§ What to work on:
The material below holds pictures; leave them out, and copy exactly, and only, the lines from the one with "Bonusové karty a" through the last.

§ Source material:
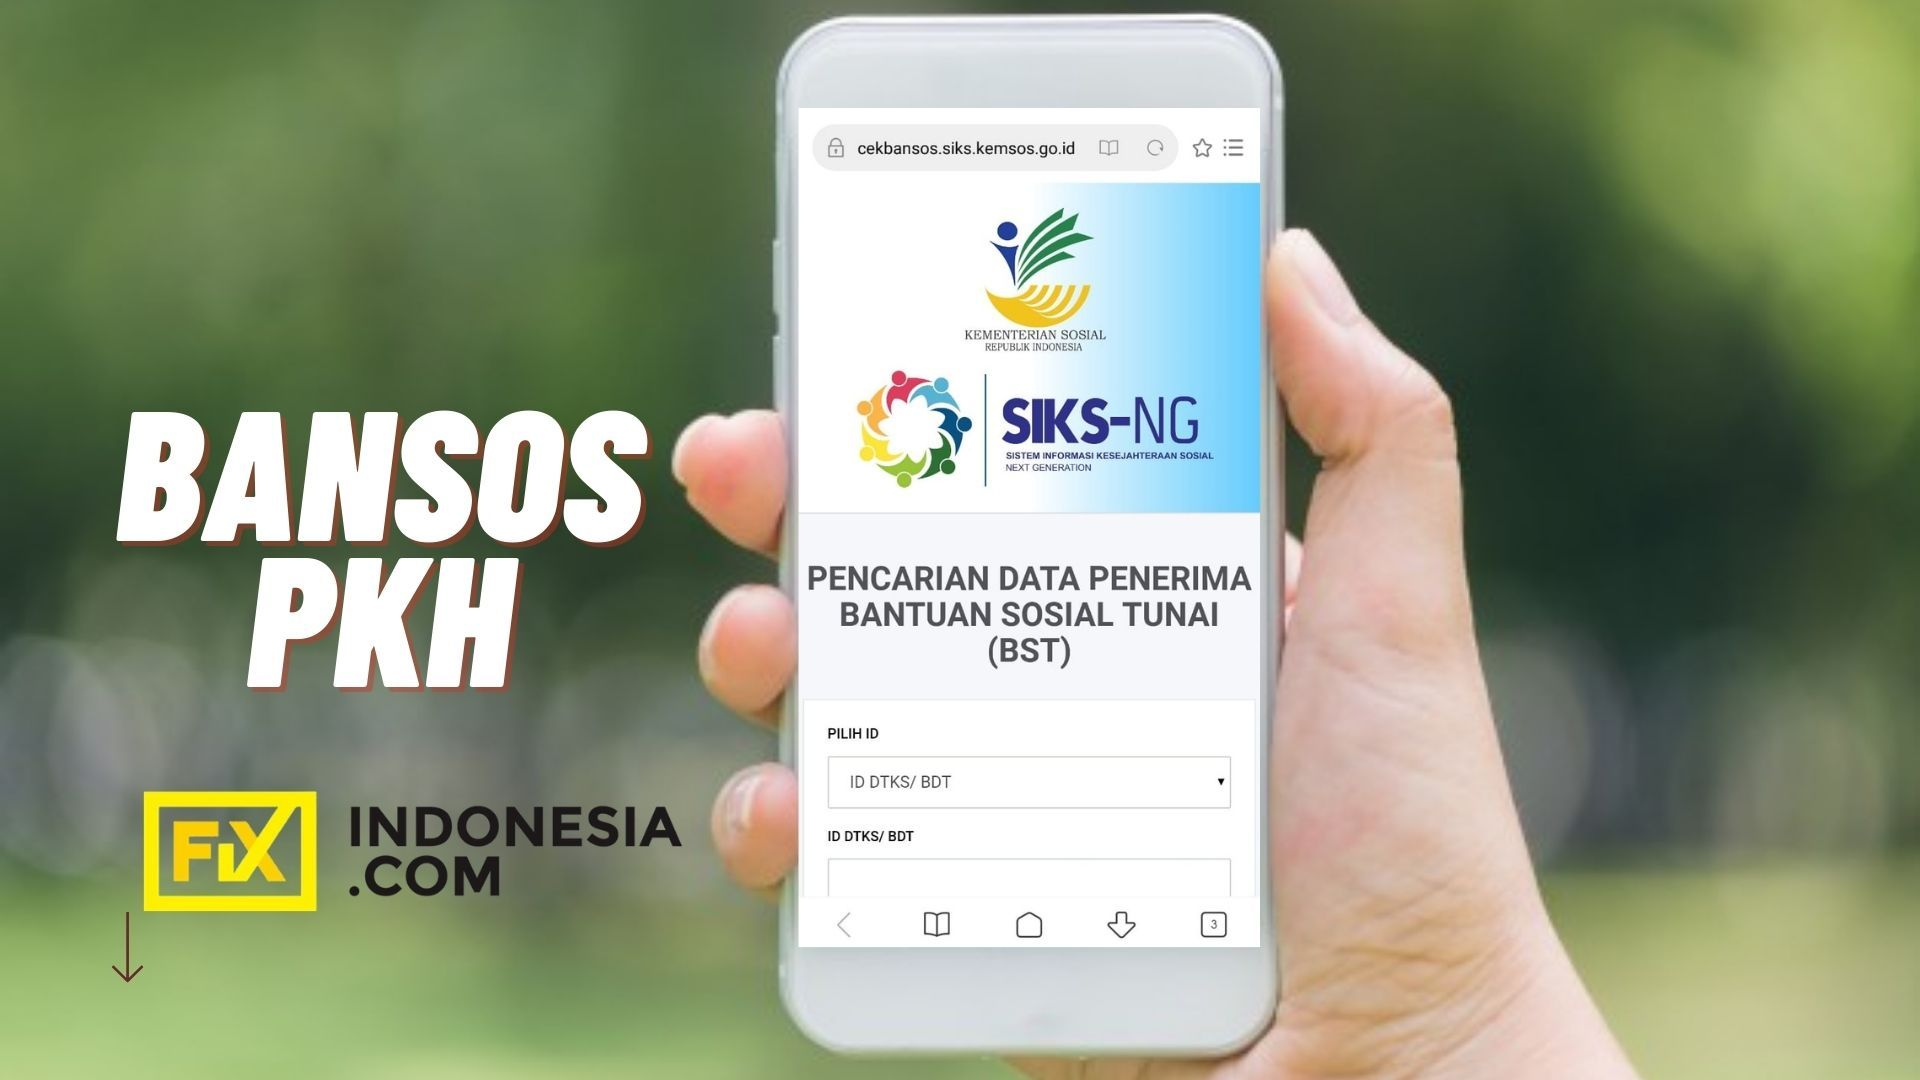 (Fix Indonesia)
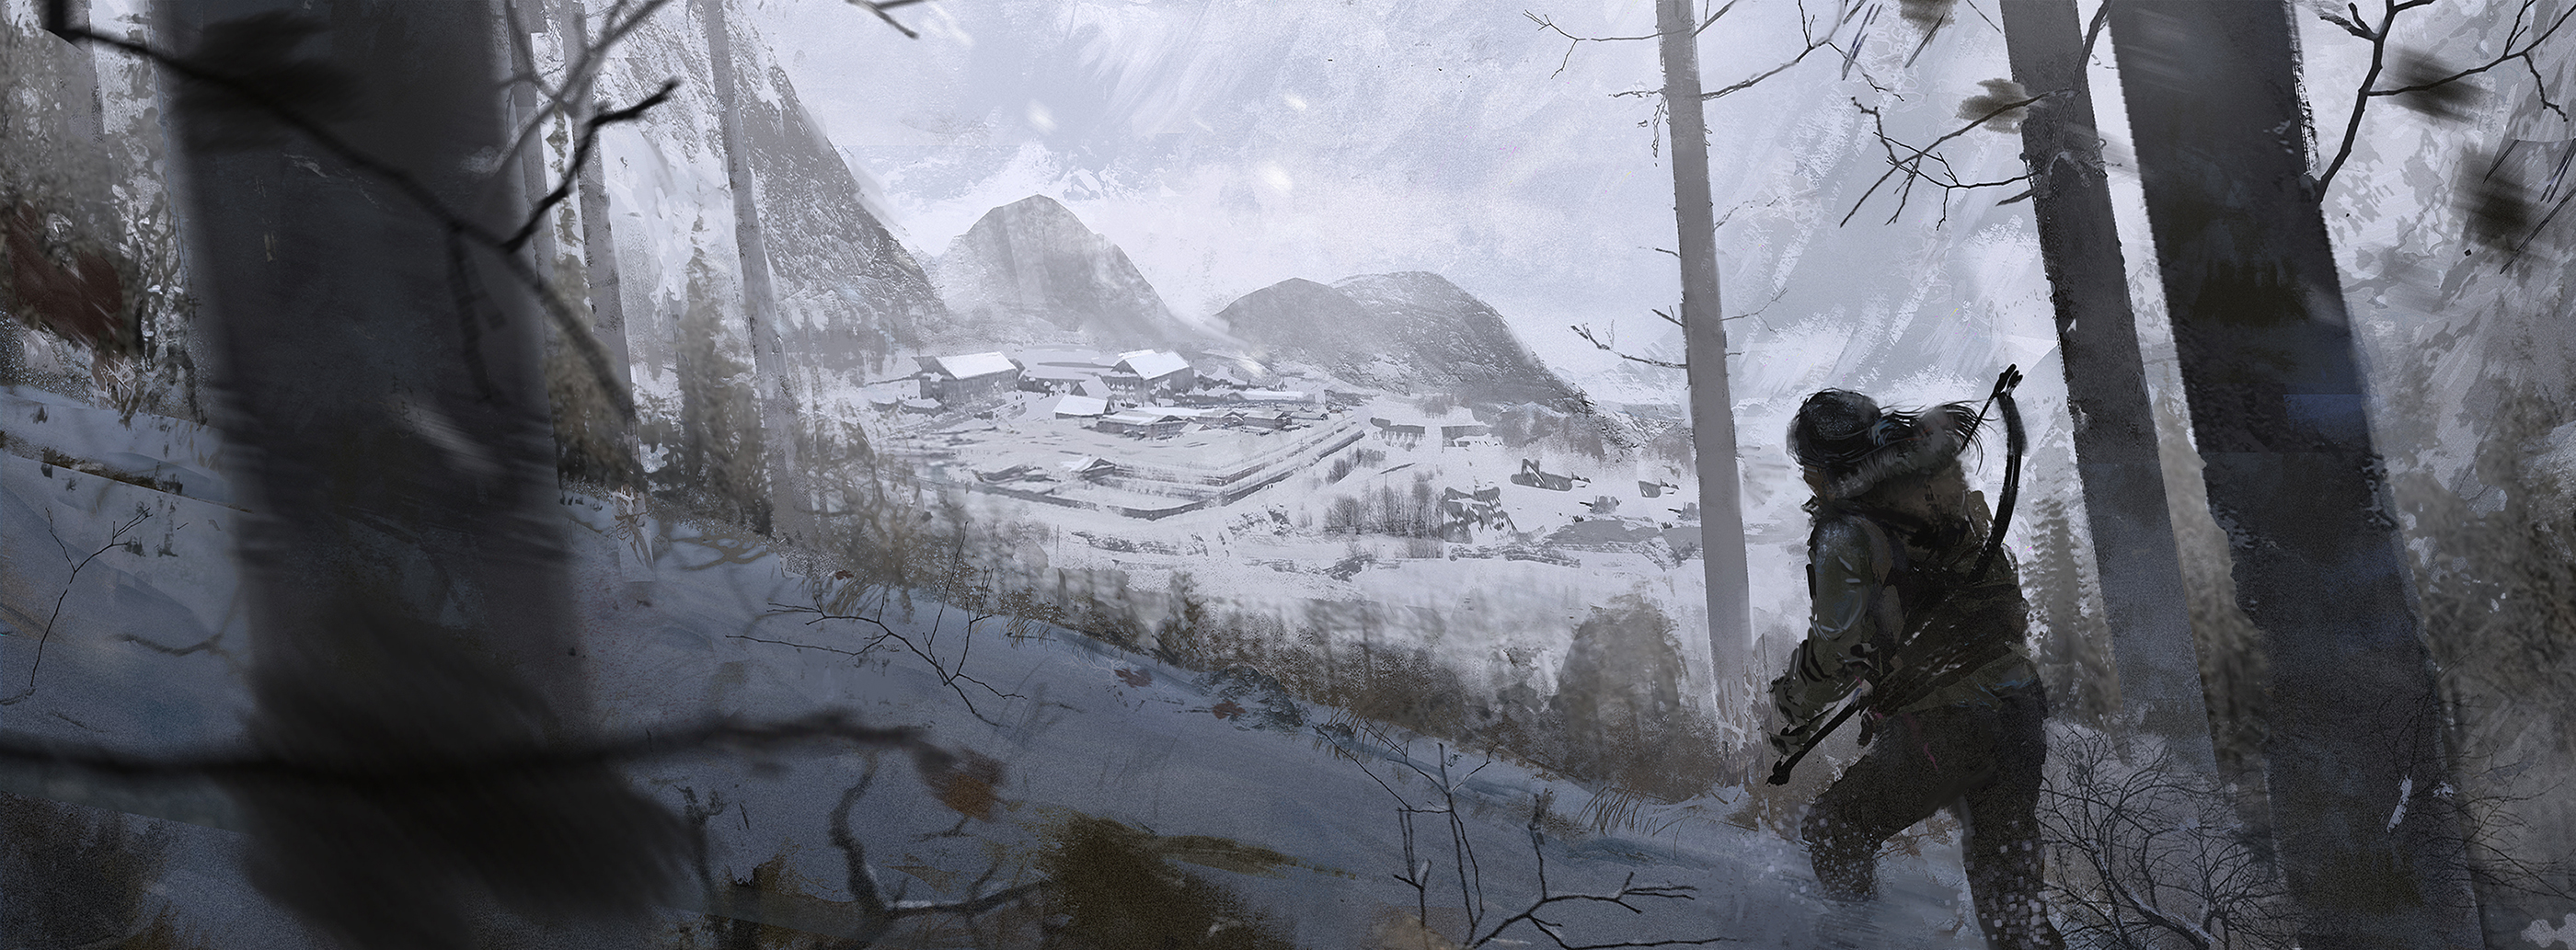 Bonusové karty a artworky z Rise of the Tomb Raider 115023
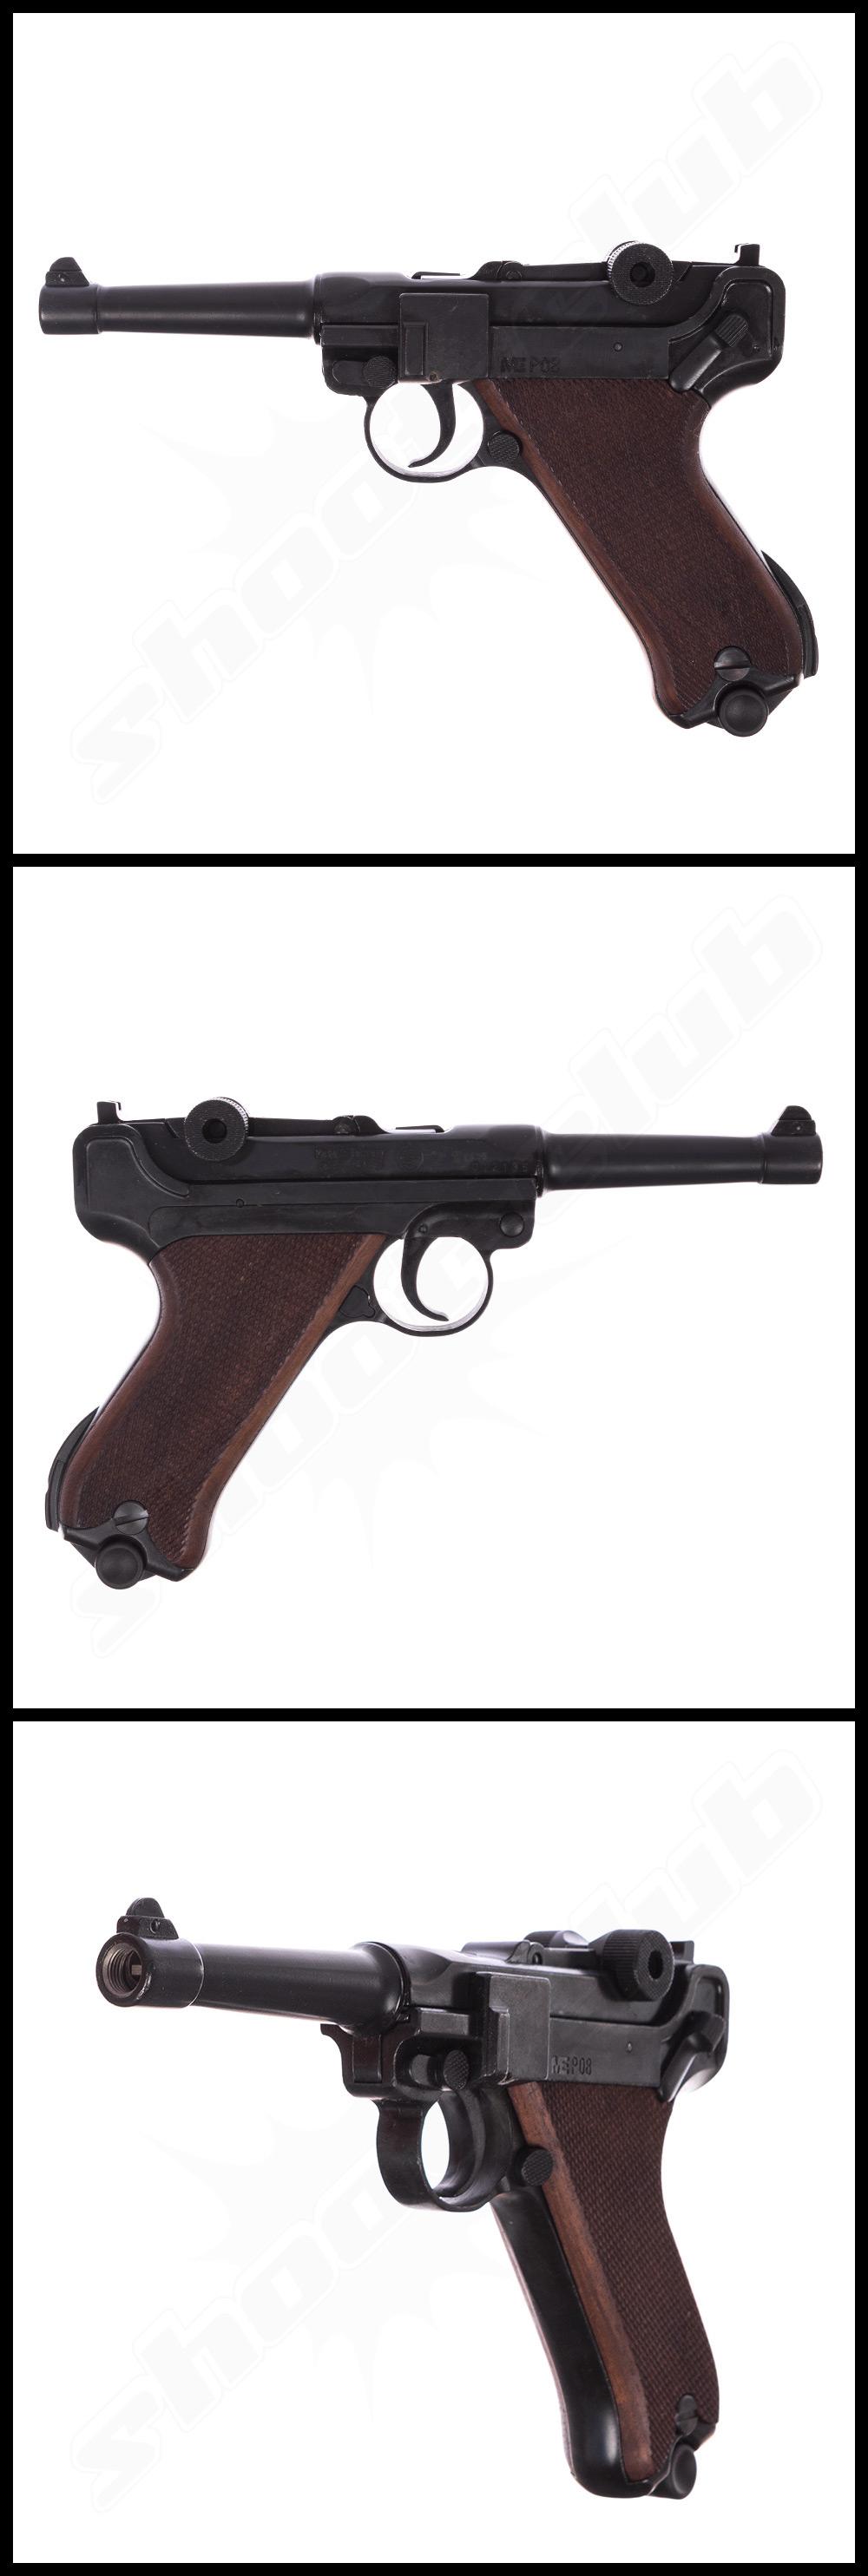 schreckschusspistole me luger modell p08 9mm p a k. Black Bedroom Furniture Sets. Home Design Ideas
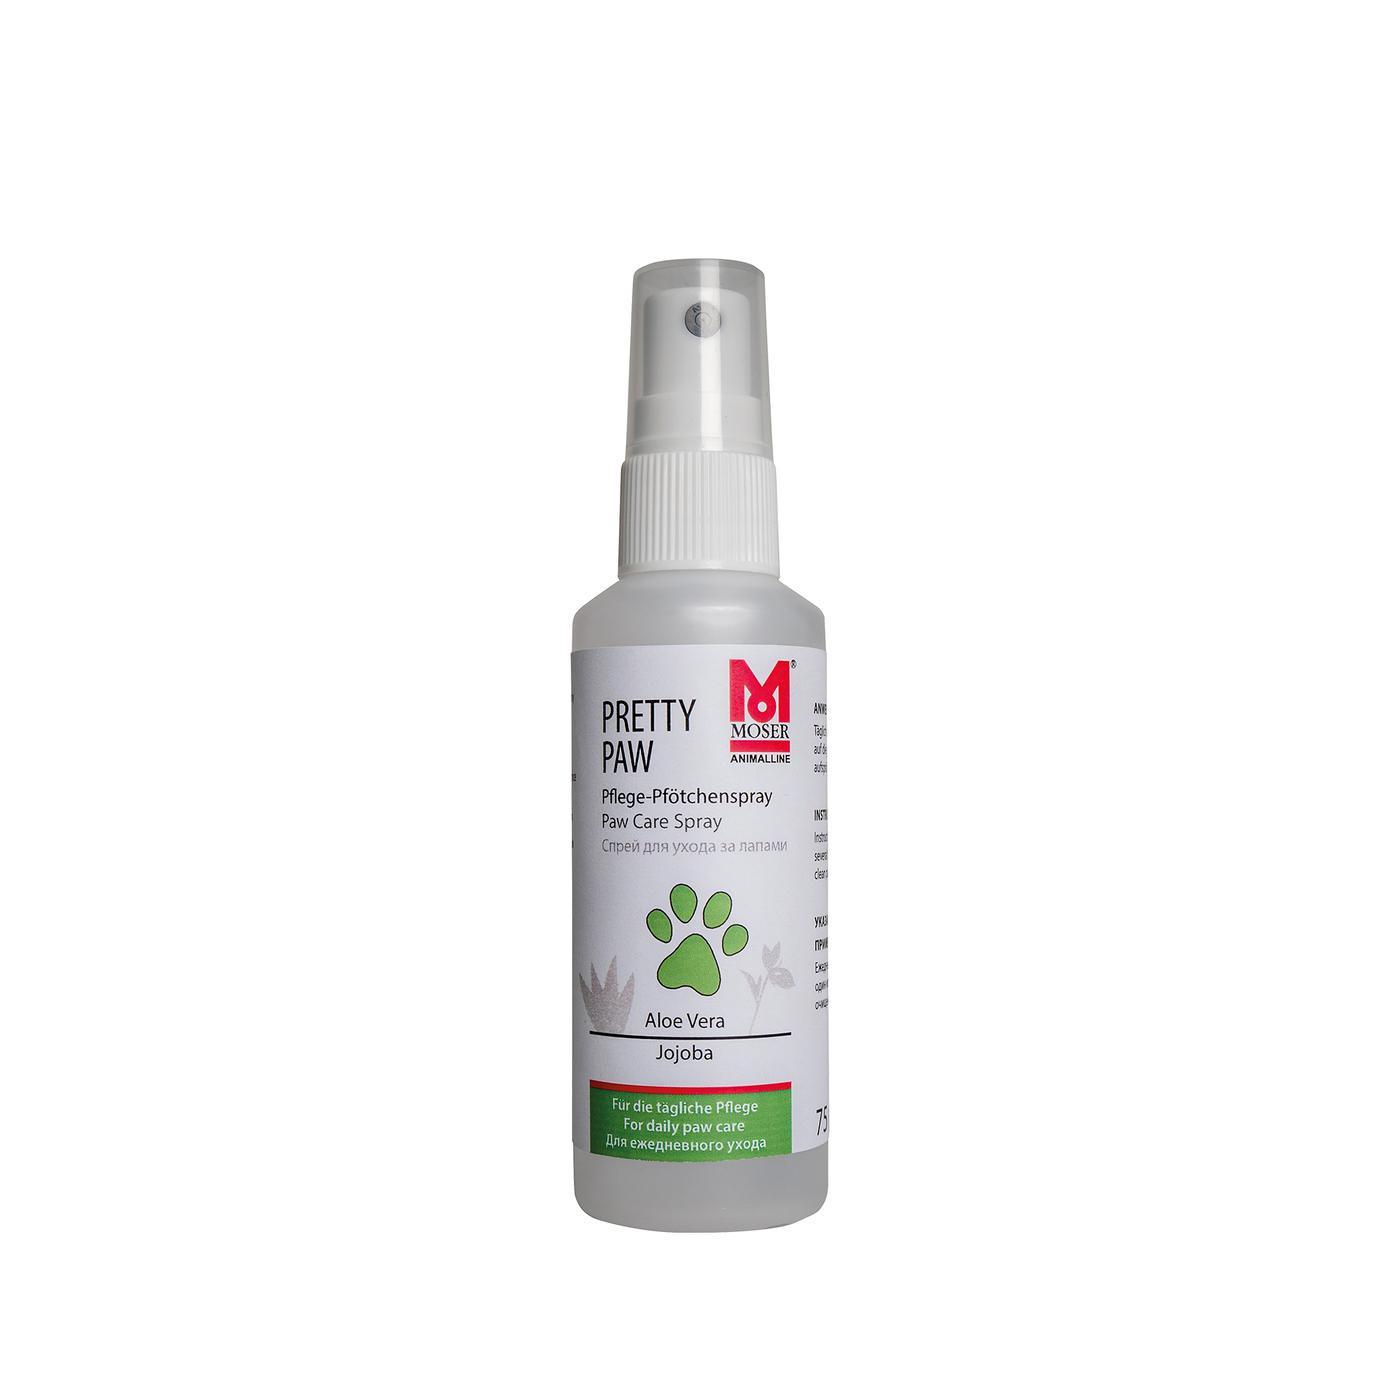 Moser Pfotenpflege-Spray Pretty Paw

§ Exercise solution:
 Bonusové karty a artworky z Rise of the Tomb Raider 115023
 schreckschusspistole me luger modell p08 9mm p a k. Black Bedroom Furniture Sets. Home Design Ideas
 Moser Pfotenpflege-Spray Pretty Paw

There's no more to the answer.